When Insider visited the lavish offices in 2017, there was a pizza station, house-made frozen yogurt, and a dedicated pastry chef. “The food is great and the menu is different every day, which is really nice,” engineering director Jeff Reynar said at the time. “We get breakfast, lunch, dinner and coffee. You don’t always have to go out to a restaurant.”

But those spaces have been virtually dormant since the pandemic erupted in the country a little over a year ago.

The pre-pandemic culinary offerings were restaurant-quality

Chan said that Facebook used to serve about 50,000 meals at 770 Broadway in an average week — all at no cost to employees.

Facebook had an Asian-themed food hall called Kung Food on the third floor with a conveyor belt of sushi and a freezer full of mochi ice cream balls. Another cafeteria, Desimone’s, named in memory of the company’s first chef, is on the eighth floor and equipped with a salad bar and deli, soup, pastry, and pizza stations, and a hot food area that served a revolving menu, including buffalo chicken pizza every Wednesday.

FBGB, on the 15th floor, offered fully plated meals. Before the pandemic, that outpost had taken to creating dishes that emulated some of the famous offerings from New York best restaurants, like the shrimp rigatoni from Italian eatery Carbone.

Workers could get fresh-squeezed orange juice, cold-brew coffee (both nitro-infused and regular), or kombucha on tap, or make their own espresso on $20,000 La Marzocco machines.
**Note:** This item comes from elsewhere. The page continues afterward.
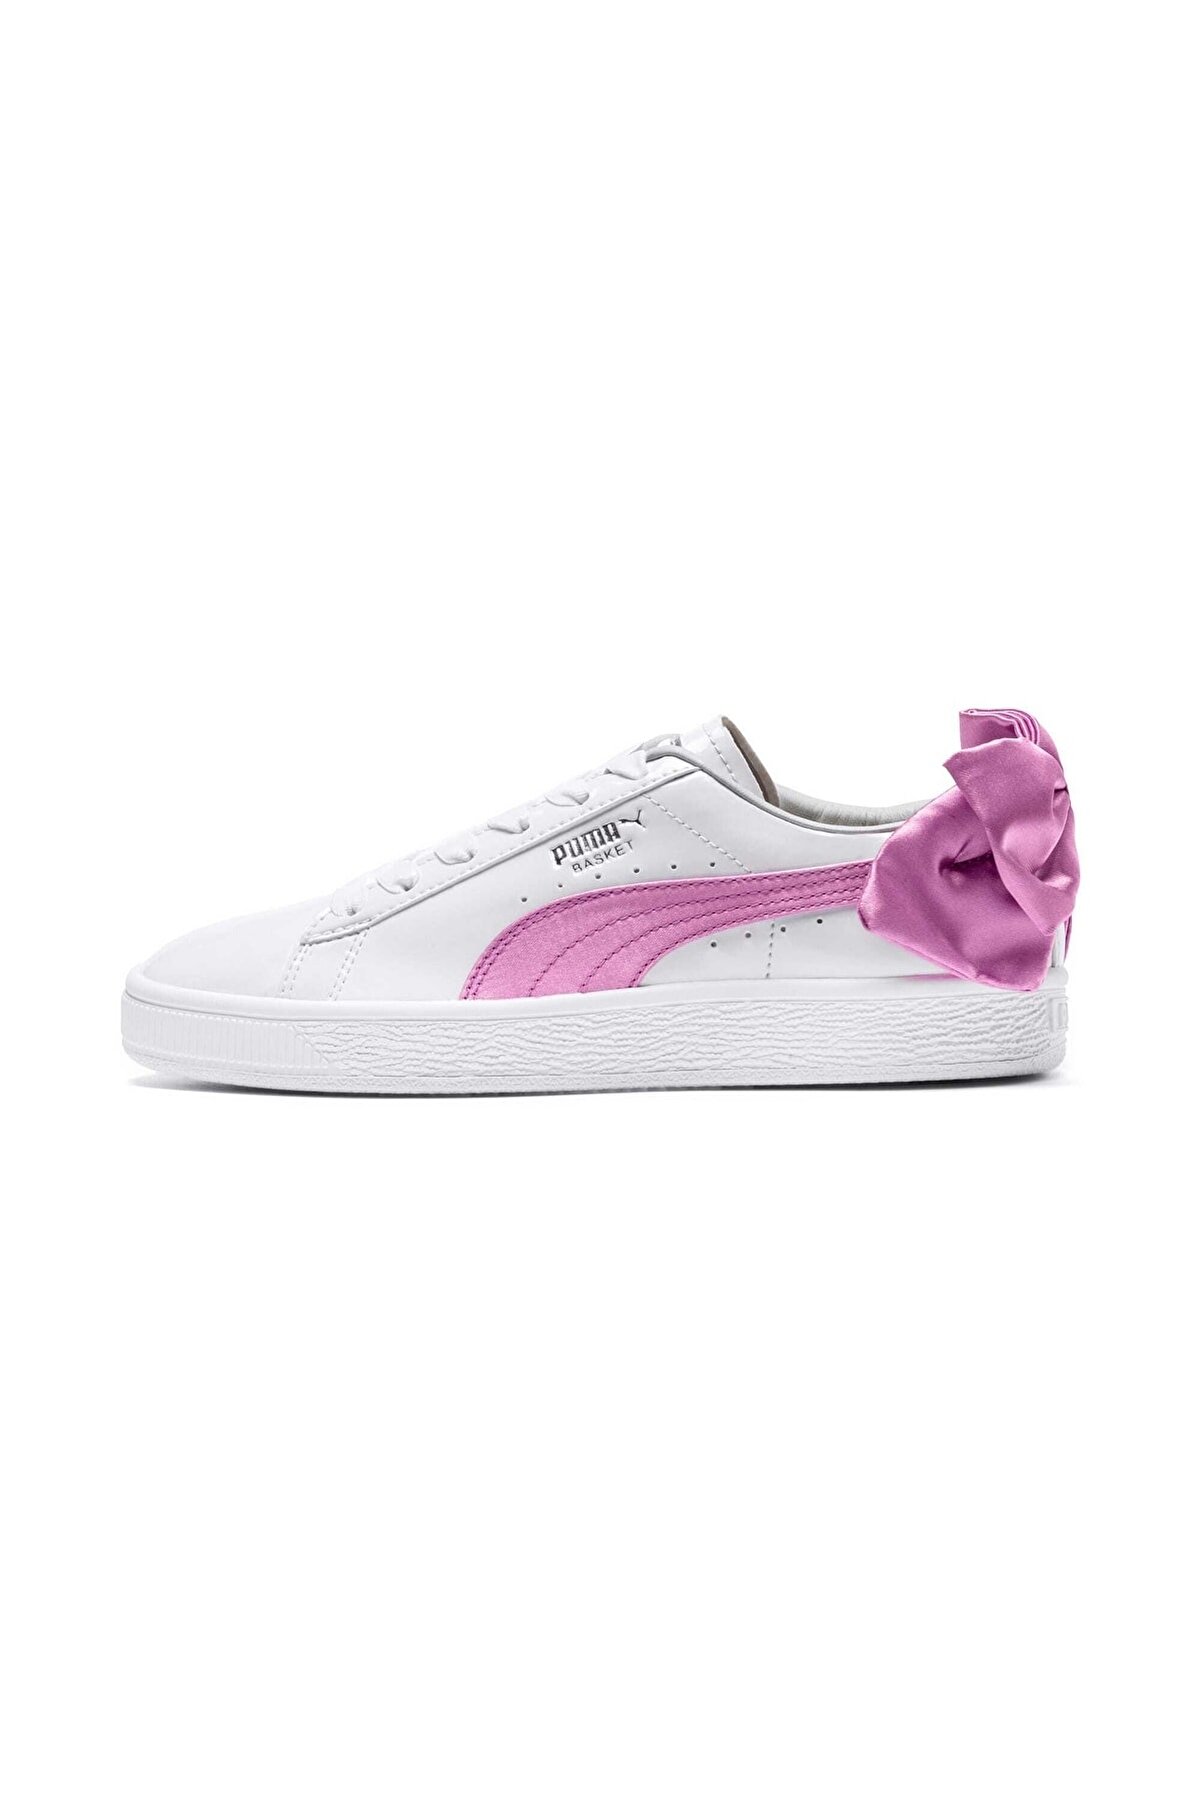 Puma BASKET BOW PATENT JR Beyaz Kız Çocuk Sneaker Ayakkabı 100351831

Royal Palms, the juice bar, served up all manner of juice shots, including wheatgrass, along with gelato and waffle cones.

Every day, Desimone’s would stage a cookie hunt, stashing a massive plate of fresh-baked cookies somewhere in the office for employees to find.

On the 10th floor, food carts served Halal and Mexican food and barbecue. Snacks were offered daily at 3 p.m.

Some Facebook employees saw the free food as part of their compensation

Chan acknowledged it might be difficult for some employees to get used to the new reality of sparser eating options.

“The employees are constantly at their desks working very hard,” Chan said. “During breakfast, lunch, and dinner, we’re trying to give them quiet time with their friends and peace of mind with a good meal. It helps break up the day and bring comfort.”

During the pandemic, some employees suggested that they viewed office food, which is complimentary for employees, as a significant portion of their compensation.

The Verge reported a leaked internal poll from July 16, after Facebook employees had been working at home for several months, included the question: “A major sell to candidates is our office perks include free food. And now, with work from home, we’ve lost a huge financial part of our package. What is the plan on this?”

“I’m not sure if I’m missing something from this question,” Zuckerberg said, responding to the question, in an audio clip obtained by the Verge, “but I certainly haven’t seen any data that suggests that free food is anywhere near the list of primary reasons that people come to work at this company. I hope it’s not. …I’d imagine that you’re here for some combination of reasons around the mission of the company, the impact that we can have in the world, trying to make sure that that’s as positive as possible. … Those are typically the things that come up, not free food.”

The slimmer options may prompt those who do come back into the office to spend less time there.

“We’re not going to say, ‘Hey! Stay at work cause you’re going to want to eat this next meal,’ Chan said. “In this pandemic environment, it’s possibly just going to be pick up your food, eat at your desks and get your work done.”

Chan said he didn’t know when Facebook’s food operation at 770 Broadway would return to its former glory, but assured it would be eventually restored.

“It’s going to be some months before things look like they were,” Chan said. “If the virus numbers look good, I could see us opening incrementally — but not all at once. There are a lot of other variables that need to be considered before re-opening.”